__What the task asks__.
Among the entries below, the lines from the one with "Ex Libris - N." up to and including the one with "Das Werk ist" are to be restated exactly, without pictures.

== Supplied material

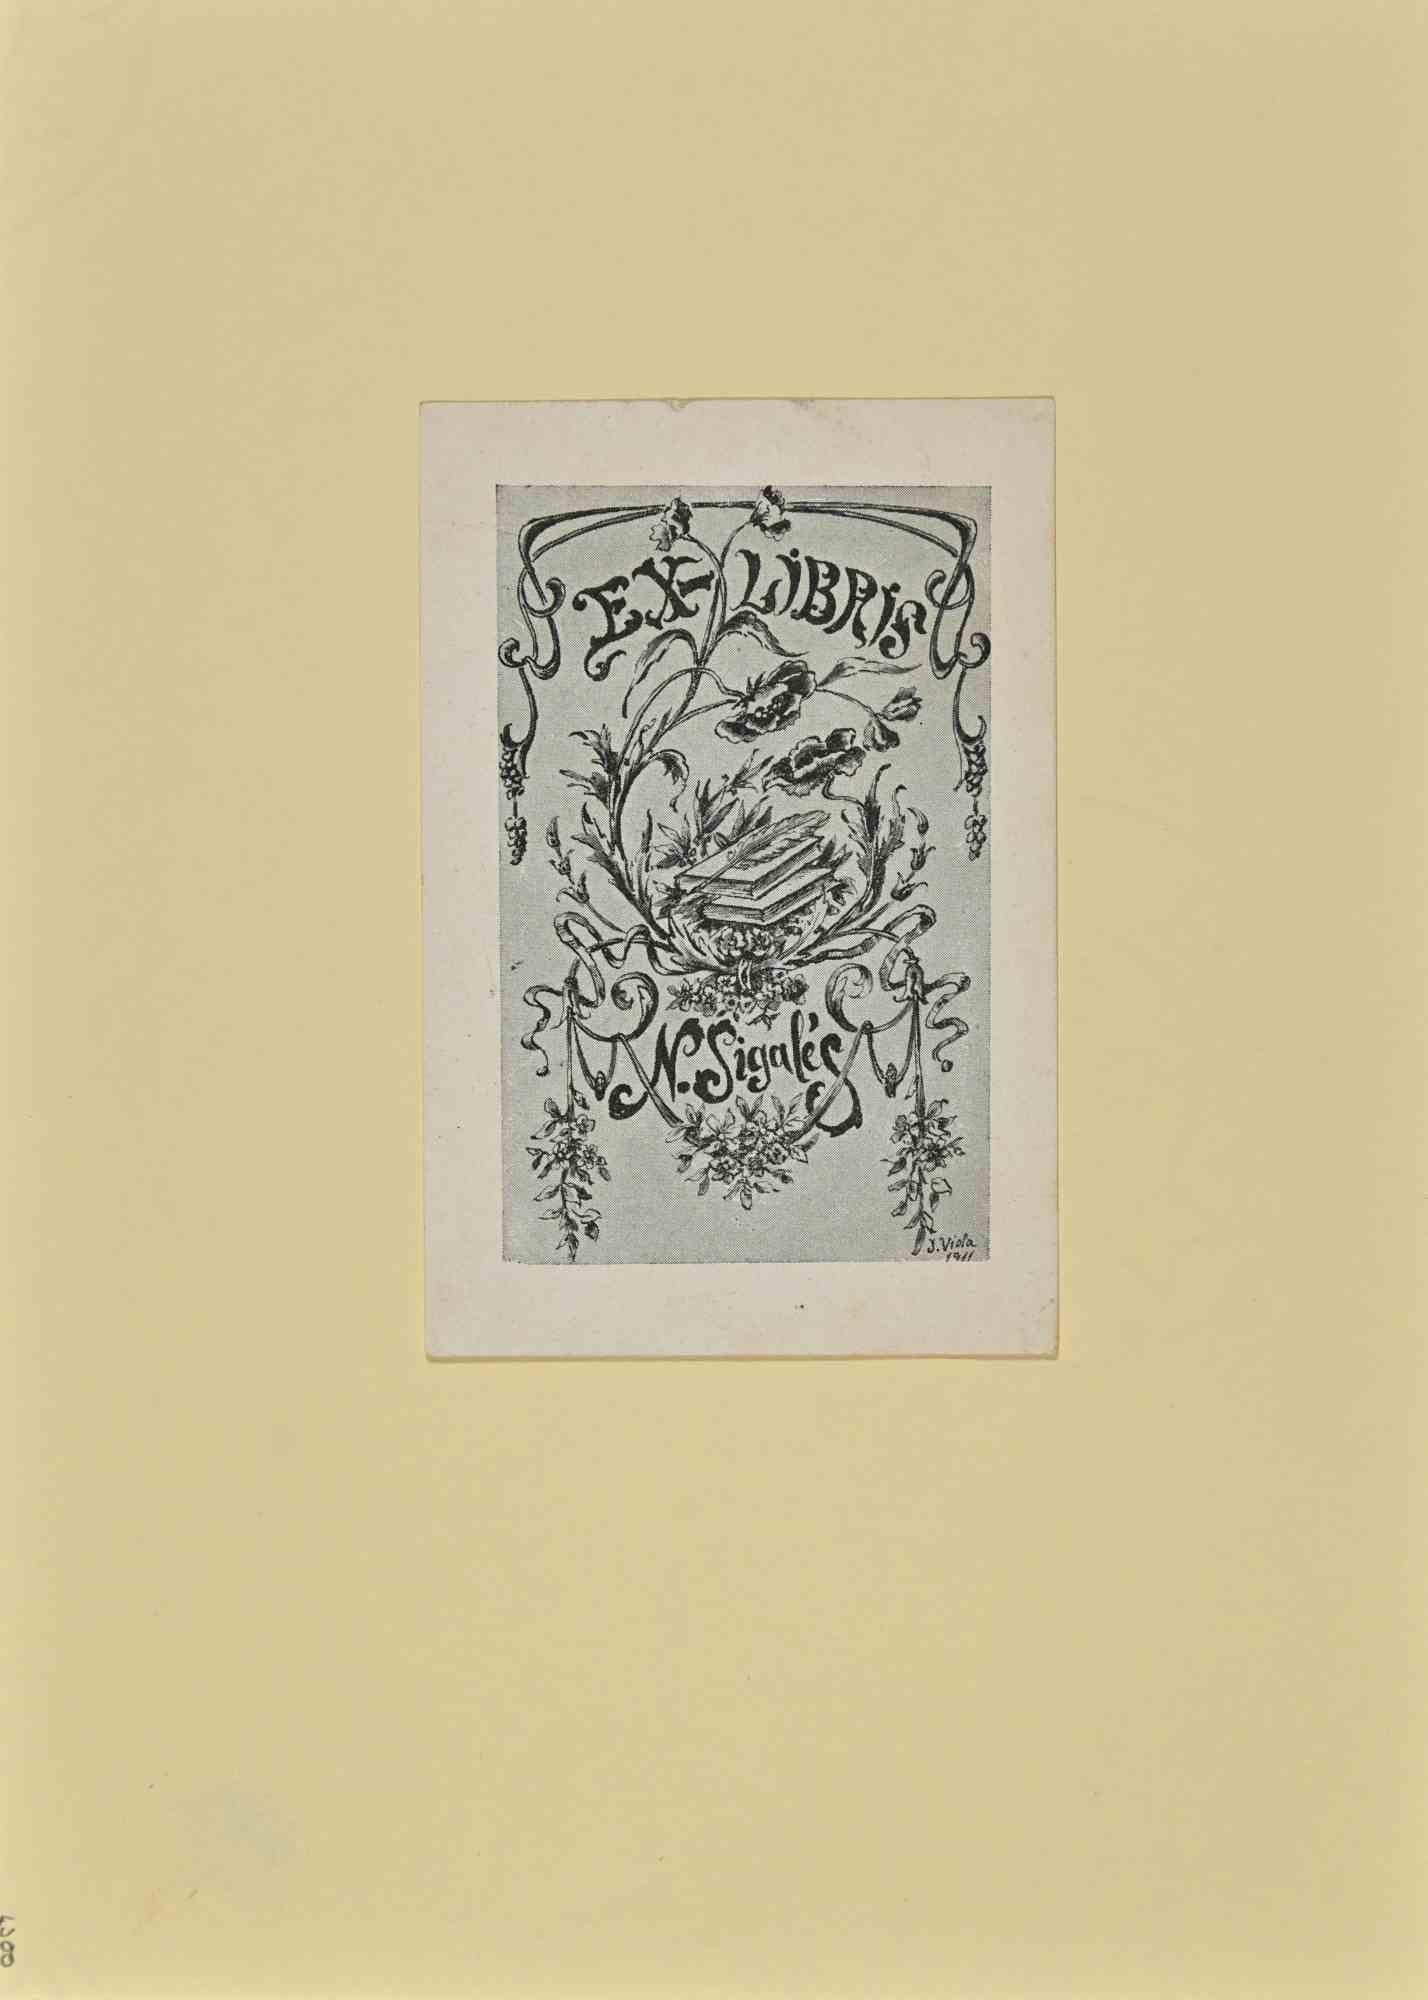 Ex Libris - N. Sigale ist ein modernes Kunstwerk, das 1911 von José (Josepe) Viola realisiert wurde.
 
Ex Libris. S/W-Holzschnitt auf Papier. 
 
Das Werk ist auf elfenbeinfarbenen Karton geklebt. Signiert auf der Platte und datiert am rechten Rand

====
== Supplied material

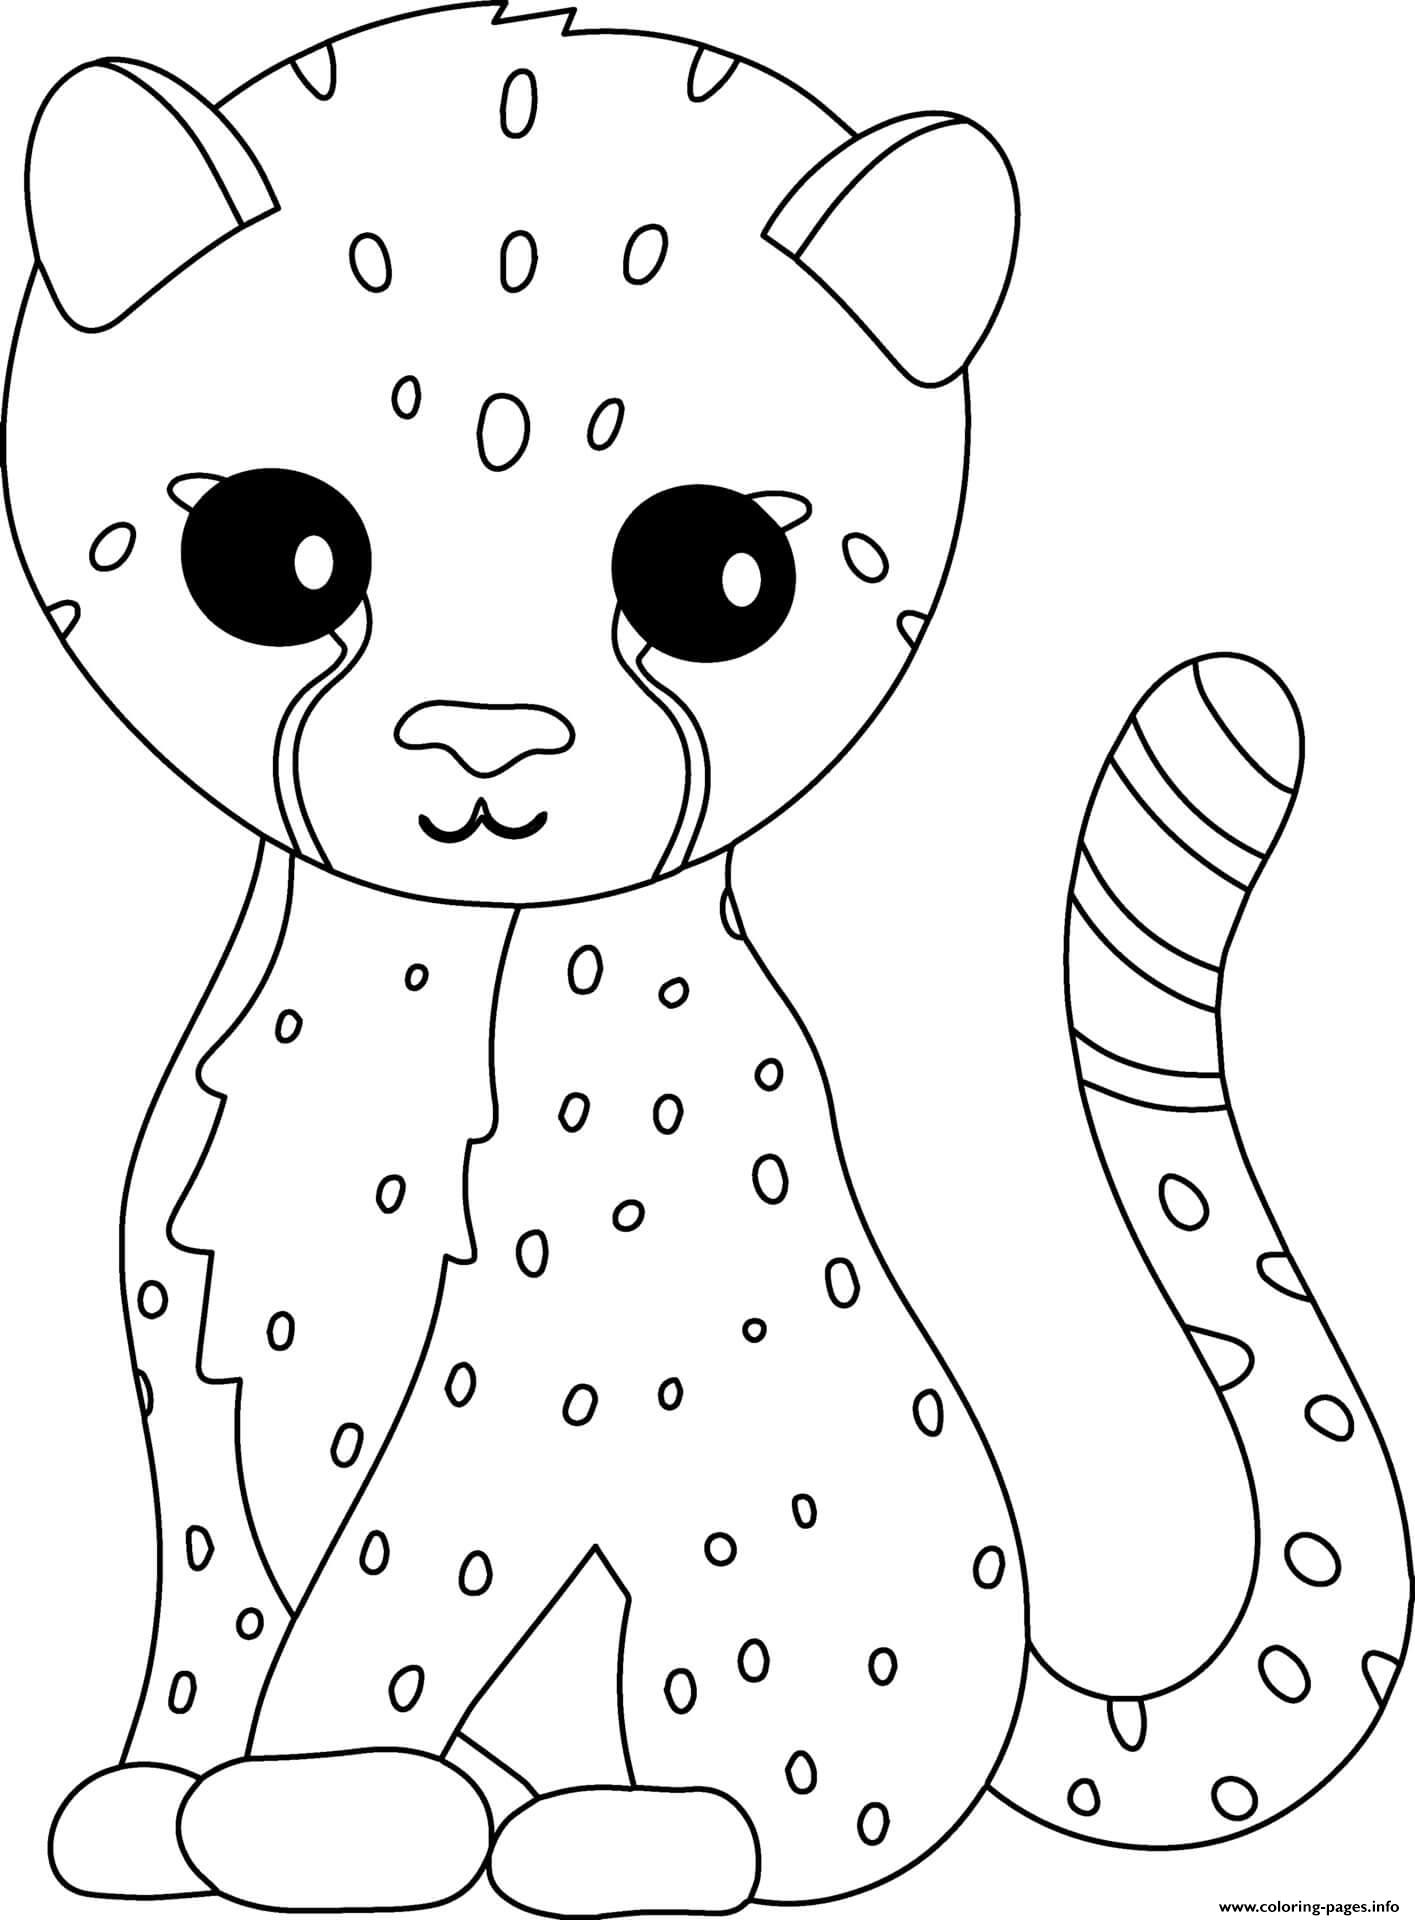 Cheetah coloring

====
== Supplied material

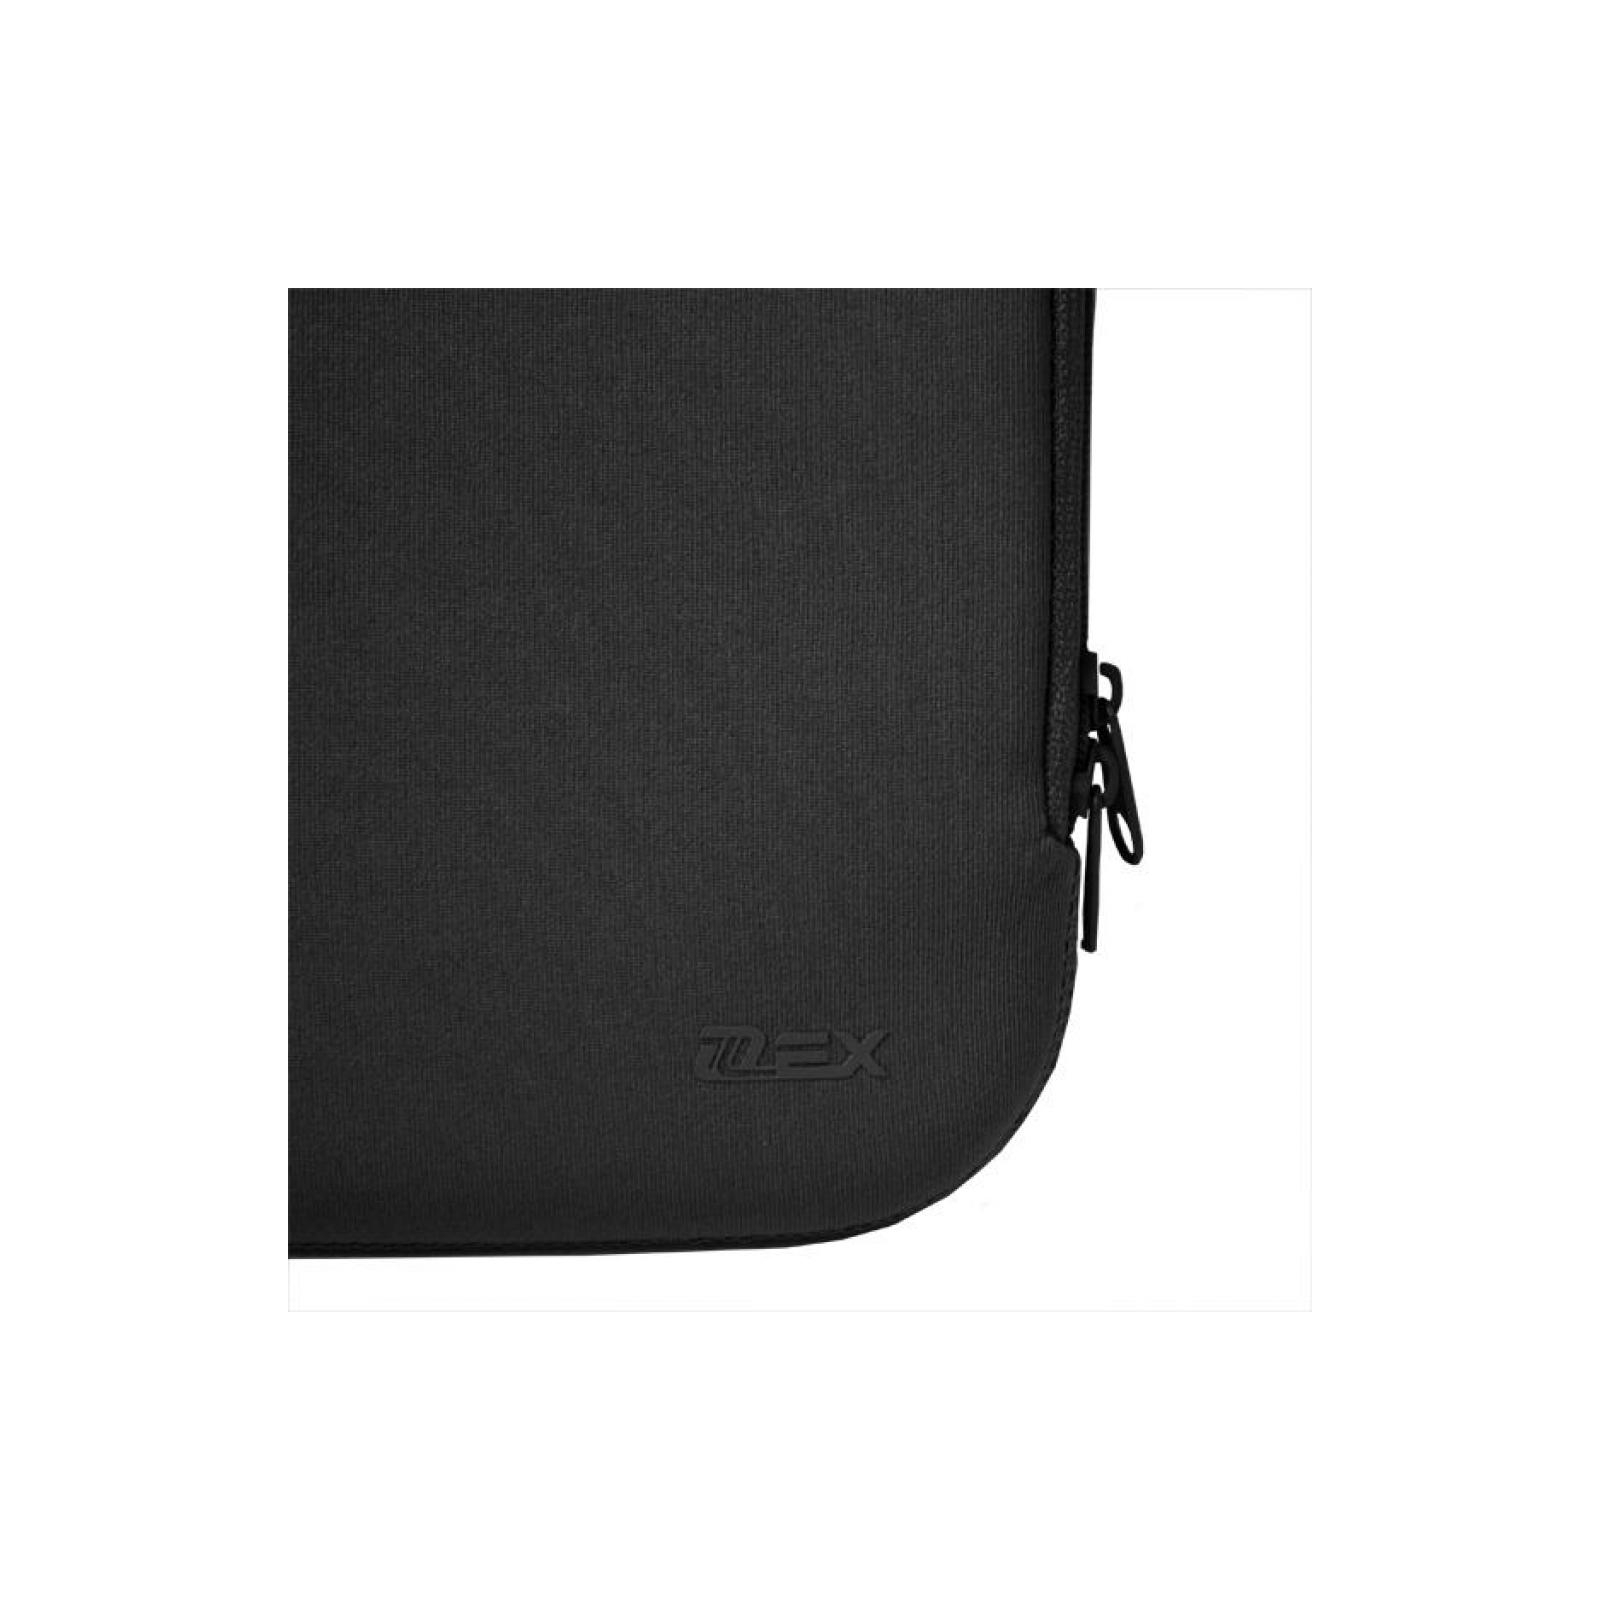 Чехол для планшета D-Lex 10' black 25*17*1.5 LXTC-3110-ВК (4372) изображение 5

====

__Response box__.
 Ex Libris - N. Sigale ist ein modernes Kunstwerk, das 1911 von José (Josepe) Viola realisiert wurde.
 
Ex Libris. S/W-Holzschnitt auf Papier. 
 
Das Werk ist auf elfenbeinfarbenen Karton geklebt. Signiert auf der Platte und datiert am rechten Rand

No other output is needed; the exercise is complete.